And, for the record, I agree with you about the tire rotation.

------
ValG
The way they're going about it might not be the right way, but having worked
at and run car dealerships, $600/year is not out of line (granted this is
based on conventional engine vehicles). The first year of the vehicle you
probably won't get your money's worth, but after that it becomes much more
valuable. At a traditional car dealership, a 15k mile service is pretty basic,
oil change and tire rotation, but they will try to upsell you on numerous
other items (special additives to improve engine life/gas mileage, air filter
change, wipers, etc...) that will easily hit $250-$300 for that visit. These
items can all be done in ~10 minutes at home for ~$50. For a 30k mile service,
you're looking at well over $400. To be able to take your car in, not have to
deal with the hassle of someone trying to hustle/upsell you, get everything on
the car done, road side service, and (hopefully) better service than you'd get
at a traditional car dealership? Doesn't seem to me like the price is way out
of line.

Not only that, but think about the last time you went to a dealership to buy a
car, remember when you went in the finance office to sign the paperwork? More
than likely the finance manager was trying to sell you a service contract from
a 3rd party that was more expensive and covered less items.

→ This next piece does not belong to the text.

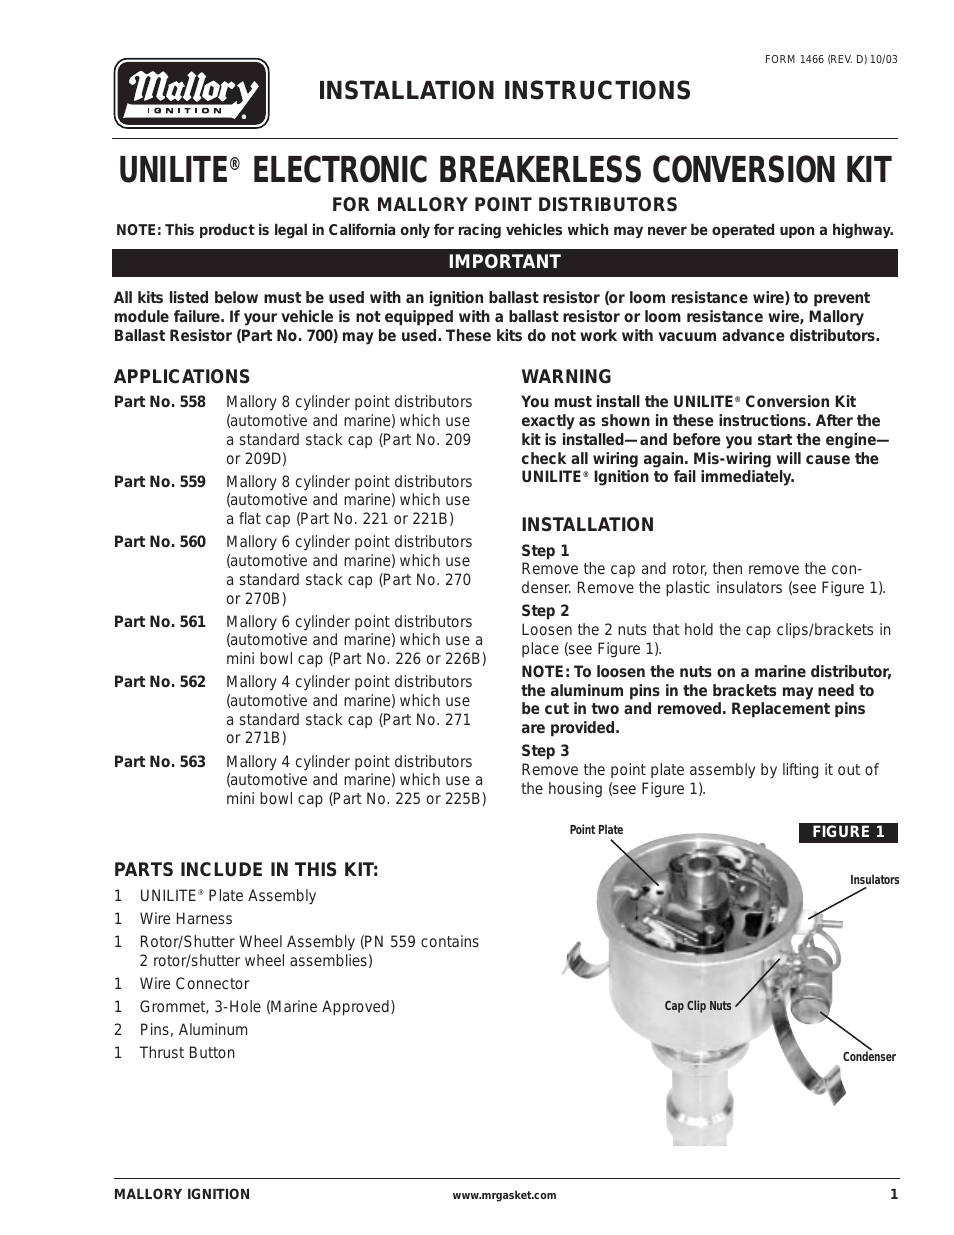 Mallory Magnetic Breakerless Wiring Diagram | Wiring Diagram - Mallory Magnetic Breakerless Distributor Wiring Diagram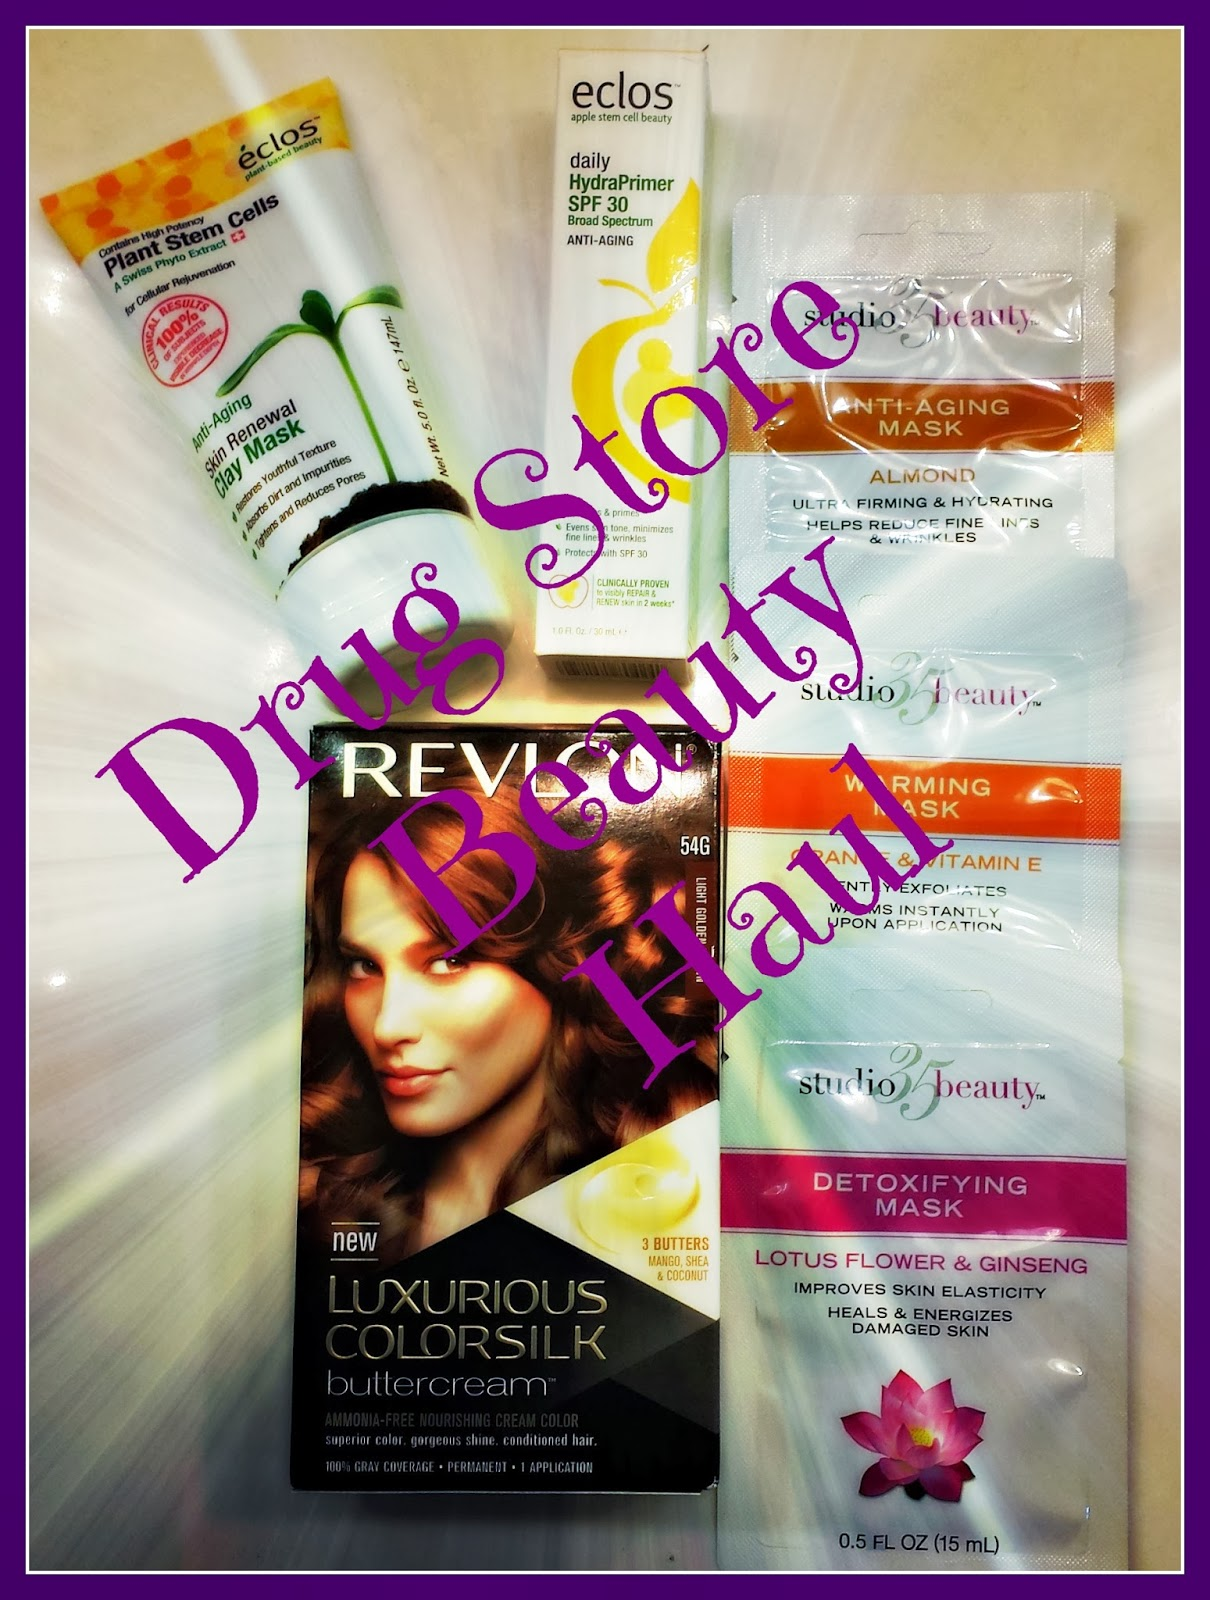 Eclos Skin Care Walgreens

In the end though it's hard to judge the value of these things without having
the service contract in front of me, knowing you specific driving habits and
exactly what services the contract covers and what services it doesn't (if
any). Having said that, I would be highly surprised if 12% of Tesla pre-orders
get canceled because of the service contract (as mentioned in the article).

------
Retric
That's less than 'standard' maintenance on my 28k Acura TSX. It was a real eye
opener to see a 1k bill for standard maintenance on a 2 year old car with 12k
miles on it.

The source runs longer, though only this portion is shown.